Autoantibody testing

Pulmonologists at our center typically order a broad panel of autoantibodies to screen for CTD in patients with unexplained respiratory problems. In this study, the decision to check for autoantibodies – including the anti-CCP antibody – was made by the evaluating pulmonologist.

Anti-CCP testing

Anti-CCP was tested using the INOVA Diagnostics QUANTA Lite CCP3.1 IgG/IgA ELISA kit (San Diego, CA, USA) wherein a positive result is defined by an anti-CCP titer of >20 IU. A positive result with this kit is defined by an anti-CCP titer of >20 IU. A low-positive titer is defined as 21–39 IU, a moderate-positive titer as 40–59 IU, and a high-titer positive as ≥60 IU.
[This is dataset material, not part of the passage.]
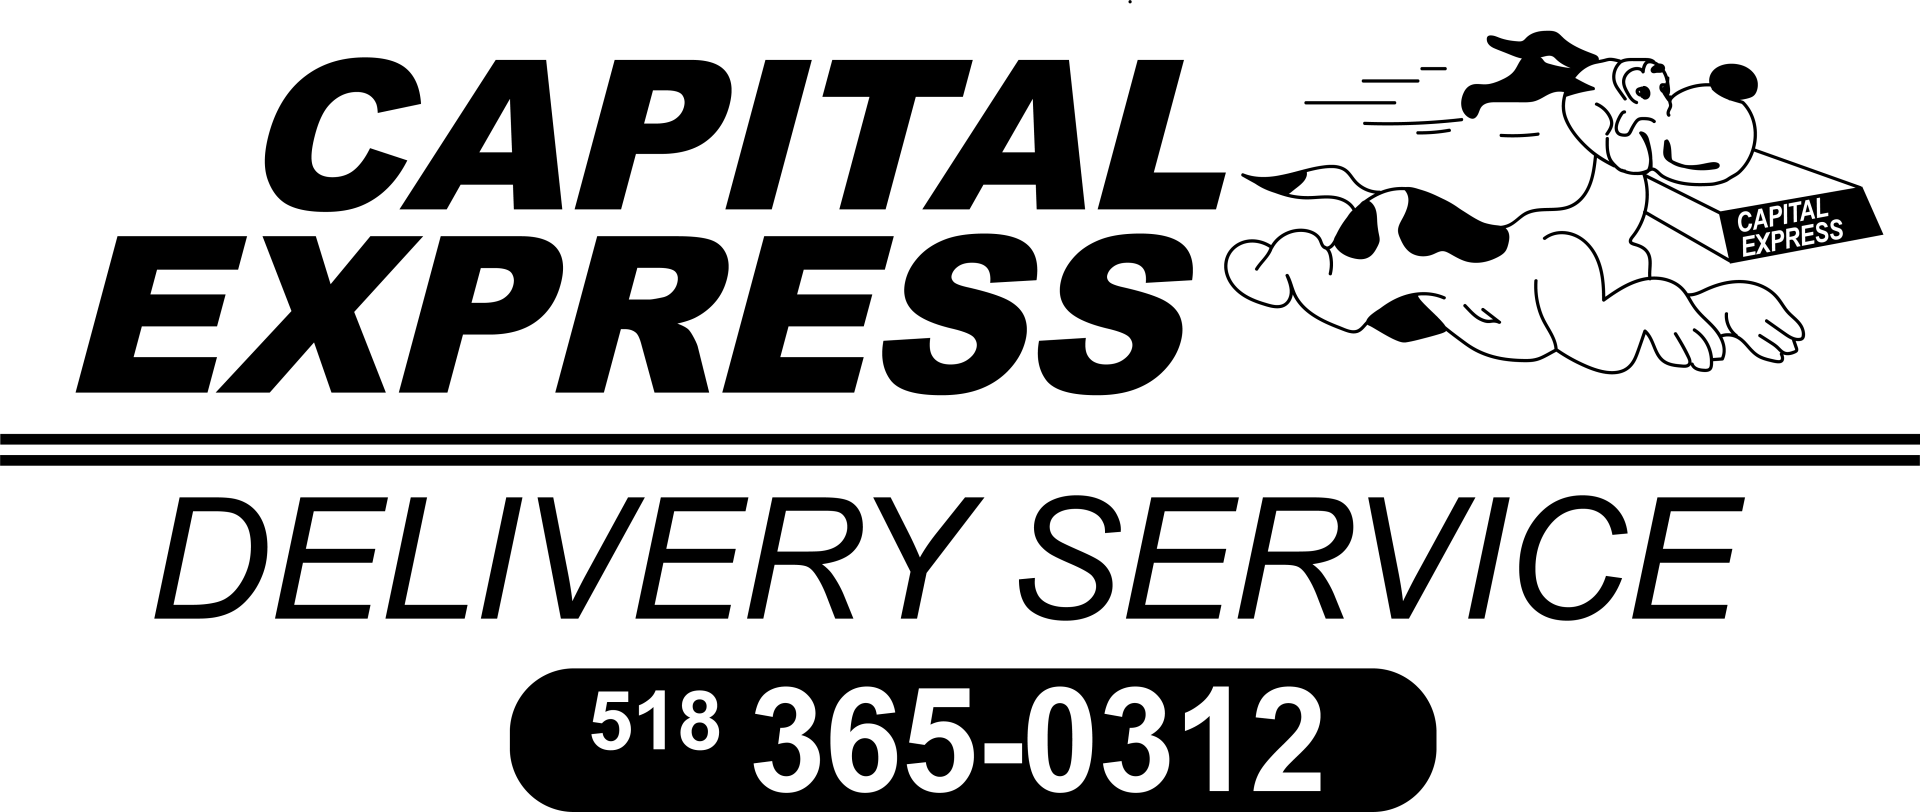 capital express delivery service logo

Radiographic and histopathological data analyses

The thoracic HRCT scan for each subject was reviewed and scored in a standardized manner by expert thoracic radiologists (DAL, DAB, ISP) blinded to clinical data. The HRCT scan was considered as demonstrating “airways disease” if there was evidence of mosaic attenuation on inspiratory images, air-trapping on expiratory images, cylindrical bronchiectasis, or bronchiolitis (centrilobular nodularity). The HRCT scan was considered as demonstrating “ILD” if there was evidence of reticular and/or ground-glass opacities, with or without traction bronchiectasis or honeycombing, in a pattern consistent with diffuse parenchymal lung disease. Available lung histopathologic specimens were reviewed and scored in a standardized manner by expert lung pathologists (RDAD, SDG) blinded to clinical data.

Statistical analysis

Baseline data were tabulated using proportions, counts, or medians with measures of central tendency. We compared anti-CCP titer between subgroups defined by HRCT pattern by using the Kruskal–Wallis Test (non-parametric equivalent to one-way analysis of variance) and between former and never smokers by using the Mann–Whitney U test. We compared HRCT patterns between subgroups stratified on anti-CCP titer (low vs. non-low) by using the Chi-square statistic. We used Spearman’s rank correlation to examine the relationships between anti-CCP titer and other continuous variables. We considered p < 0.05 to represent statistical significance. All statistics were run using SAS, Version 9.2 (SAS Inc.; Cary, NC).

Results

We identified 74 subjects who met our inclusion criteria. The majority were women, and most were former cigarette smokers (Table 1). Each subject presented with unexplained respiratory symptoms (dyspnea n=15 [20%], cough n=17 [23%], or both n=42 [57%]). Based on a comprehensive symptom review and clinical assessment by the treating physician, no subject had a history of or current symptoms or signs of joint inflammation (or non-articular symptoms or signs of RA or other CTD). Nearly half (n=36) of the subjects had rheumatologic evaluation within the context of the positive anti-CCP and none of these subjects had features to suggest RA or other CTD. The remainder of the cohort (n=38) did not have specific consultation with a rheumatologist, but on medical record review, none had features to suggest RA or other CTD as determined by their treating physician.

Table 1.

Characteristics of subjects after stratification on anti-CCP titer.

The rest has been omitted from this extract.